Diversity is an Opportunity to Create Value
Innovation takes many forms. We often focus on innovation as technological breakthroughs and indeed those are important to fuel new revenue streams and corporate growth. But there are other forms of innovation which can be just as powerful and just as disruptive to the status quo in creating strategic competitive advantage. Innovation in operations, in business processes and in business models can have transformational benefit for the companies that successfully implement these new ways of doing business.
Partnerships and alliances are among those transformational business model innovations. Partnerships are hardly new, but there are always interesting ways in which to combine two or more entities to spark innovation and new value. Think about that peanut butter and chocolate commercial. Innovation often springs up when you have differences in thinking, differences in business processes, differences in technology and difference in culture. Partnerships and alliances are a natural breeding ground for innovation in this way.
Differences often result in conflict and tension.
Yet, it is a mistake to assume that all conflict is bad. It is an insightful alliance manager that understands that diversity is an opportunity to create value. When members of an alliance are invited to contribute their knowledge, their perspectives, their unique expertise, some amazing innovation can happen through joint problem solving.
The Starfish Alliance is an example of business model and business process innovation. Starfish is a consortium of five logistics suppliers and Rolls Royce. Rolls Royce, jet engine division, took a radical approach to optimizing their global supply chain. They sought to partner. They invited their logistics suppliers to collaborate to increase value for the customer and to increase the value in their business relationship with not only Rolls but with each other. This was radical in that these suppliers had been locked into the traditional vendor/supplier relationship, where by the vendor relentlessly pressures suppliers for greater price concessions. They had also become locked into very hostile competition with each other, each hoping to gain a bigger piece of the logistics pie. But this model had become a game of inches. Pricing concessions could only yield incremental cost savings of a few percent a year.

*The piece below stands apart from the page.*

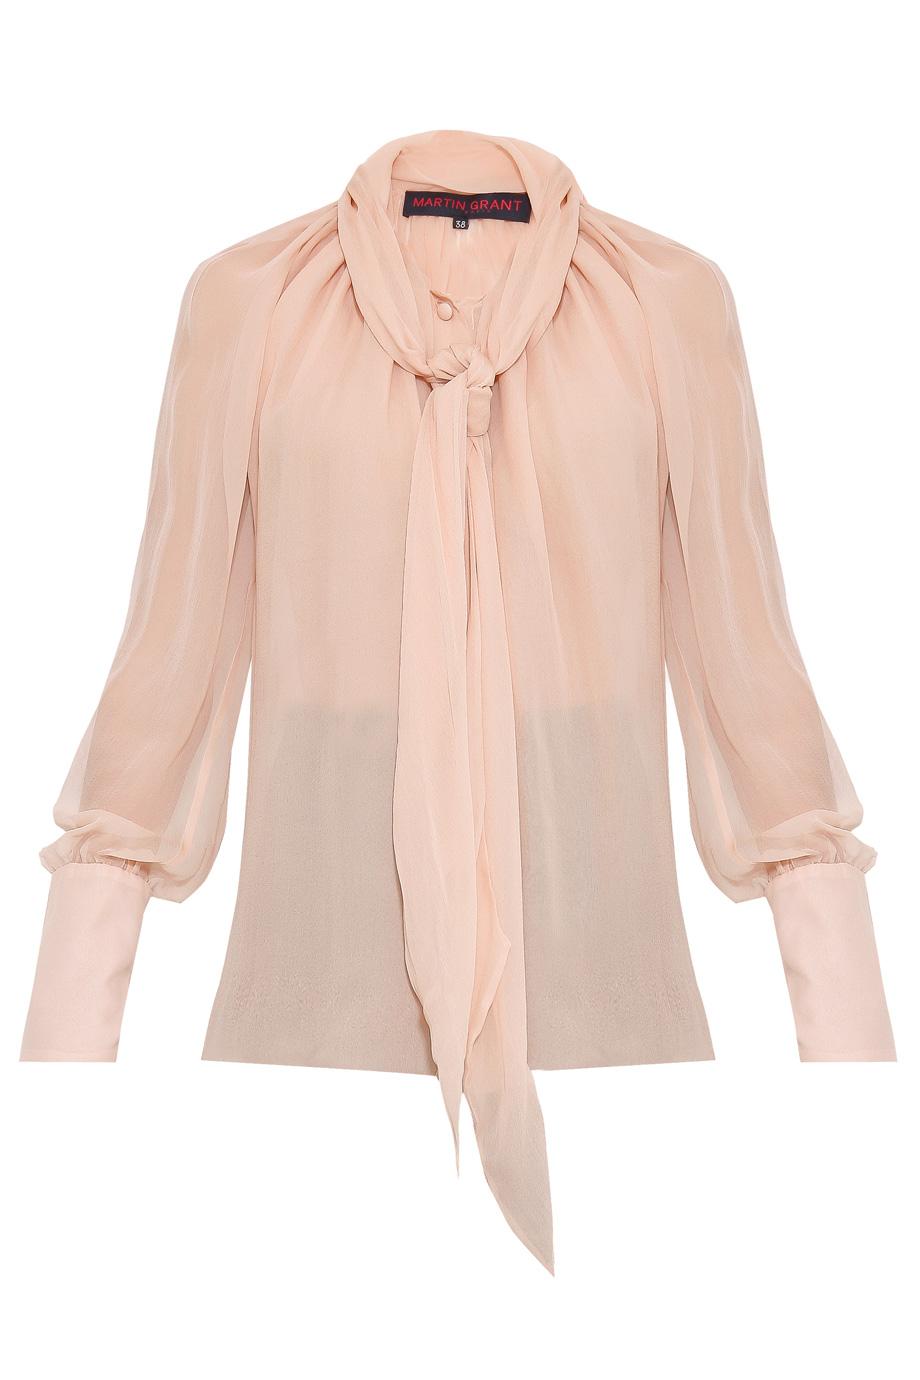 Martin Grant Scarf Collar Silk Blouse In Pink Lyst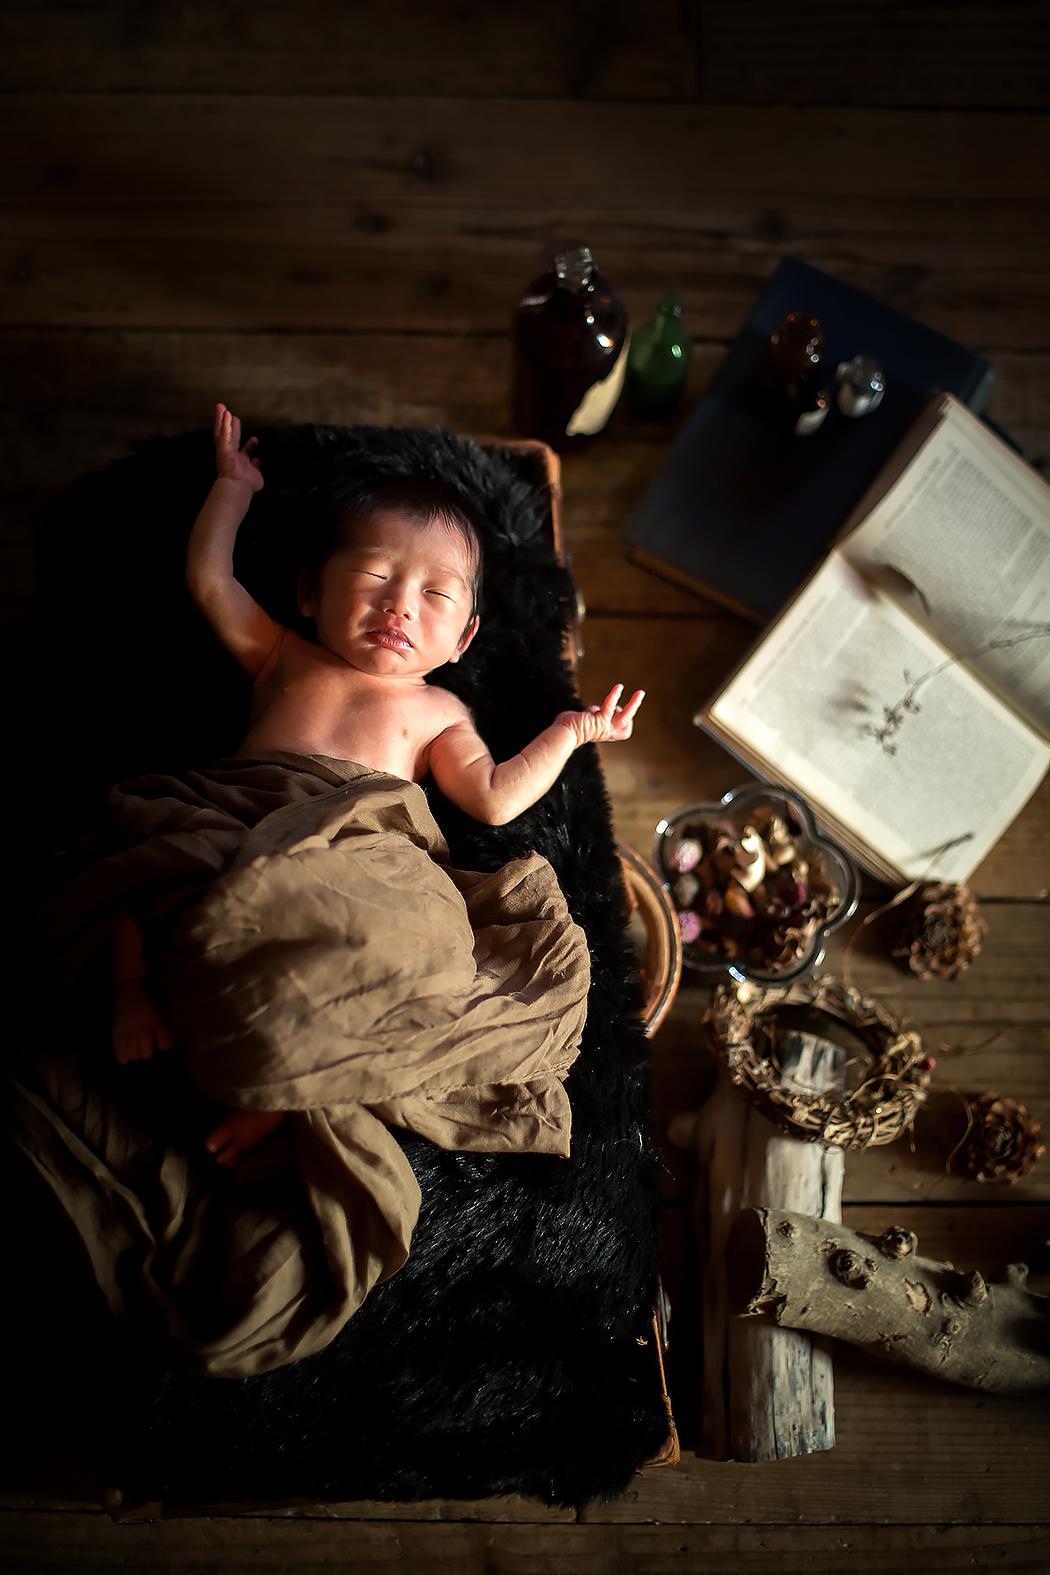 NewBorn,新生児,赤ちゃん,ニューボーン

What was needed was a different way of working together that would shift the focus of optimizing each silo of operation to optimizing the end result.
The Starfish Alliance was met with distrust at first. A key operating principle for the alliance was that there was no limit to profit. In other words, Rolls was not in this to transfer margin from their partners’ balance sheet to theirs but to create greater profitability for everyone, even the customer. They began to see results in their collaboration by optimizing and automating their end to end business processes. Customer delivery rose to 99% on time. Costs were reduced 20% across the operations. The value of the alliance became a competitive differentiator and other customers began to take interest in forming similar operating alliances.
By the way, this was an example of a digital transformation application, even though we didn’t call it that in those days. These six companies linked their operational IT systems together, so that they had a real-time, end-to-end view of materials moving through the logistic supply chain.
Here are some other ways collaborative innovation creates value through alliance relationships:
Solutions Integration is clearly the predominant source of innovation in the technology sector. Customers of technology tend to buy services, hardware, software, etc. from multiple vendors and expect that they will all work together. To the extent that technology vendors cooperate in ensuring their products and services work together, they reduce risk and cost to the customer and increase their attractiveness as a complete solution.
Creating new products and services is also a source of innovative capacity and often requires access to external expertise that other partners may have, providing fertile ground for innovation.
Accelerating Technology Adoption is an important aim for new emerging technologies. New technologies often get stuck in ‘chasm’ and having the right partner ecosystem promoting a new technology can support the crossing by providing services and additional value that mainstream buyers demand.
New business models are a disruptive force as traditional vendors and their resellers are adapting to the convergence of Social, Mobile, Analytics, AI and Cloud (SMAAC) technologies. In particular, the migration from capital purchases to the services model of the cloud is creating new alignments in the partner ecosystem and new go-to-market models.
The very premise of alliances is to create new value that could not be achieved independently. In this sense alliances are a powerful incubator for collaborative innovation. How are you working with partners to innovate and create new revenue streams, competitive differentiation, and strategic advantage?